Putting it in sales jargon, some things need to happen to get potential leads to give you money:

  • The Customer lifecycle – total strangers need to first visit you so you can turn them into leads who will become your paying customers, so delighted in fact that they will promote your product to the world
  • The Sales & Marketing Journeys – when you are small, sales & marketing can’t be separated. A buyer will go through the marketing journey (from awareness to decision) intertwined with the sales journey (starting as a suspect to closing them as a customer)

Start with Why?

Many first-time founders believe that their startup should be able to scale quickly and have a hockey stick growth. That is 100% not true. What you need to do is build a product that people want to use or that they have already given you some feedback that they are willing to use. 

Simon Sinek famously said that “People don’t buy what you do.

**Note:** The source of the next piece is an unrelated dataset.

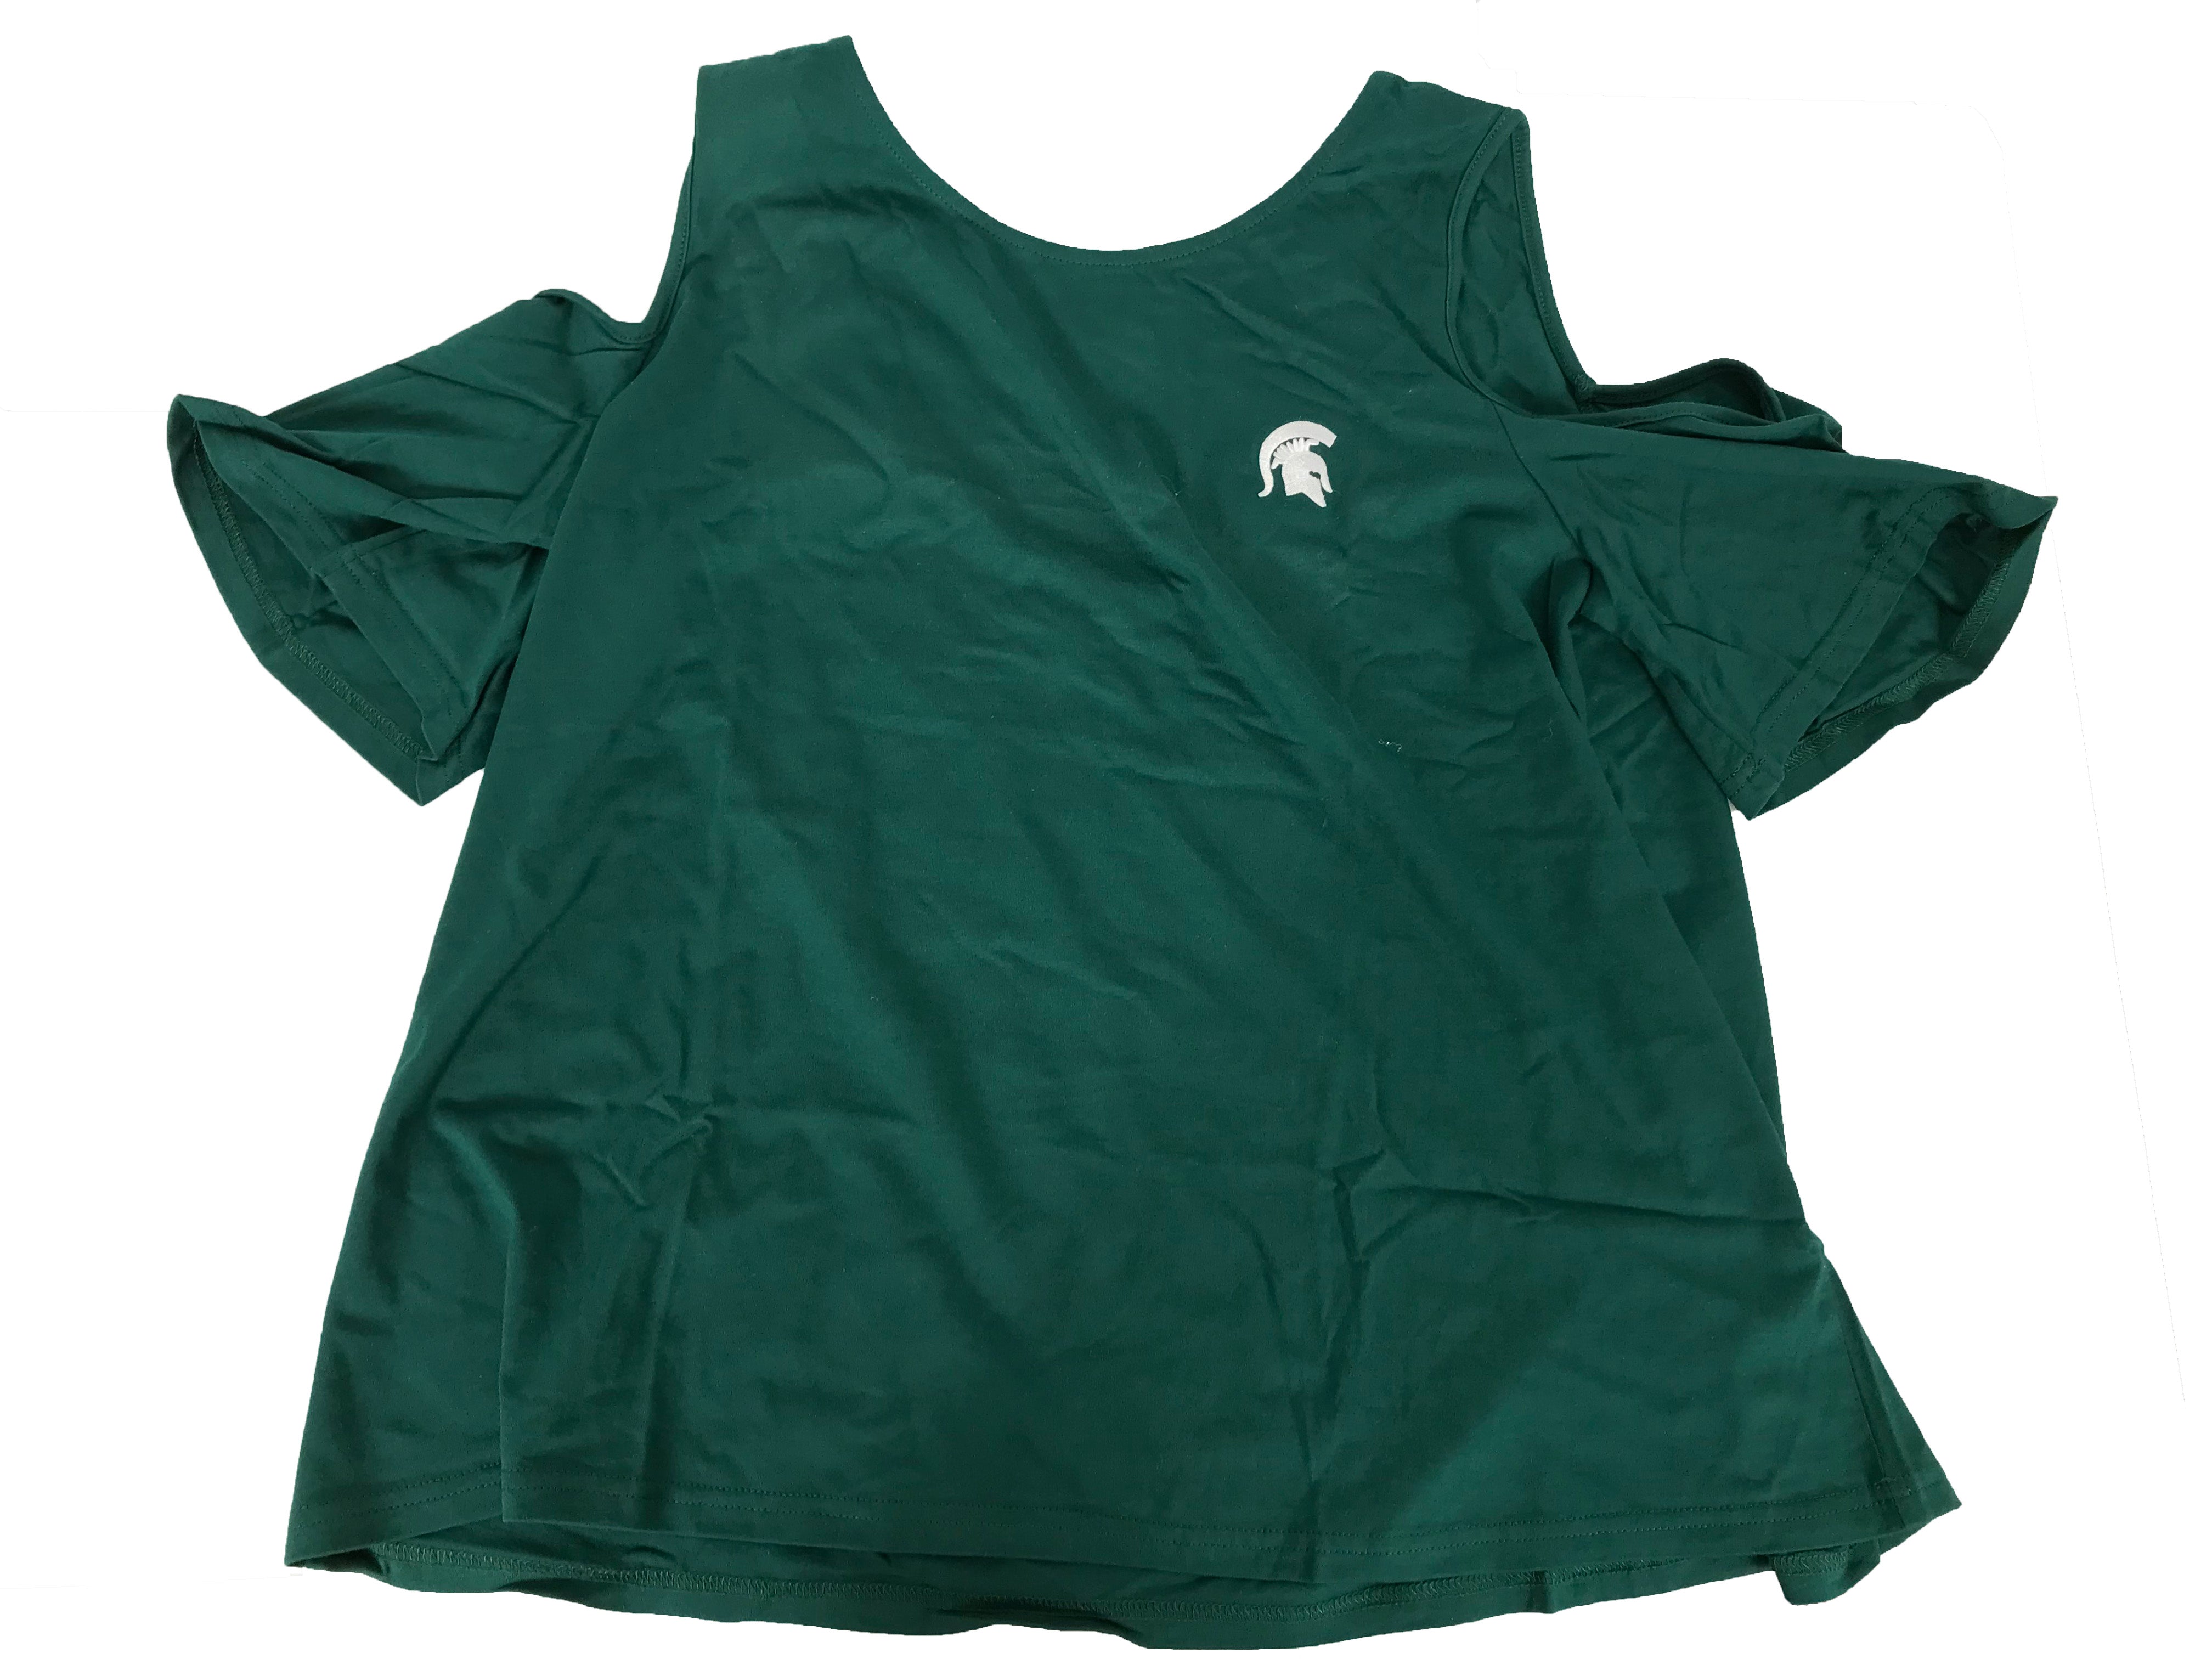 MSU Cutout Shoulder Shirt Women's Size Small

They buy why you do it.” You must be aware that people won’t truly buy into your product until they can understand its WHY. And the way to truly discover the reason why somebody will buy your product is by solving one person’s / company’s problem at the time.

So the first sales should be relatively easy. If you already have a product built and you are employing a lot of sales techniques by the book, but things are not working very well, it’s probably because you don’t have a problem-solution fit yet. 


Key Takeaway!

You need to work on solving a true problem. 


What? Market–Product Fit 

Although you are in the process of building your product and slowly figuring out who to sell it to, at this stage in your startup this is the wrong way to achieve product-market fit. While you figure out what exactly will customers offer you money for, you should be thinking about it as searching for market-product fit

These offerings should have a definable collection of features, components, or modules that you will offer to your customers for a fee. 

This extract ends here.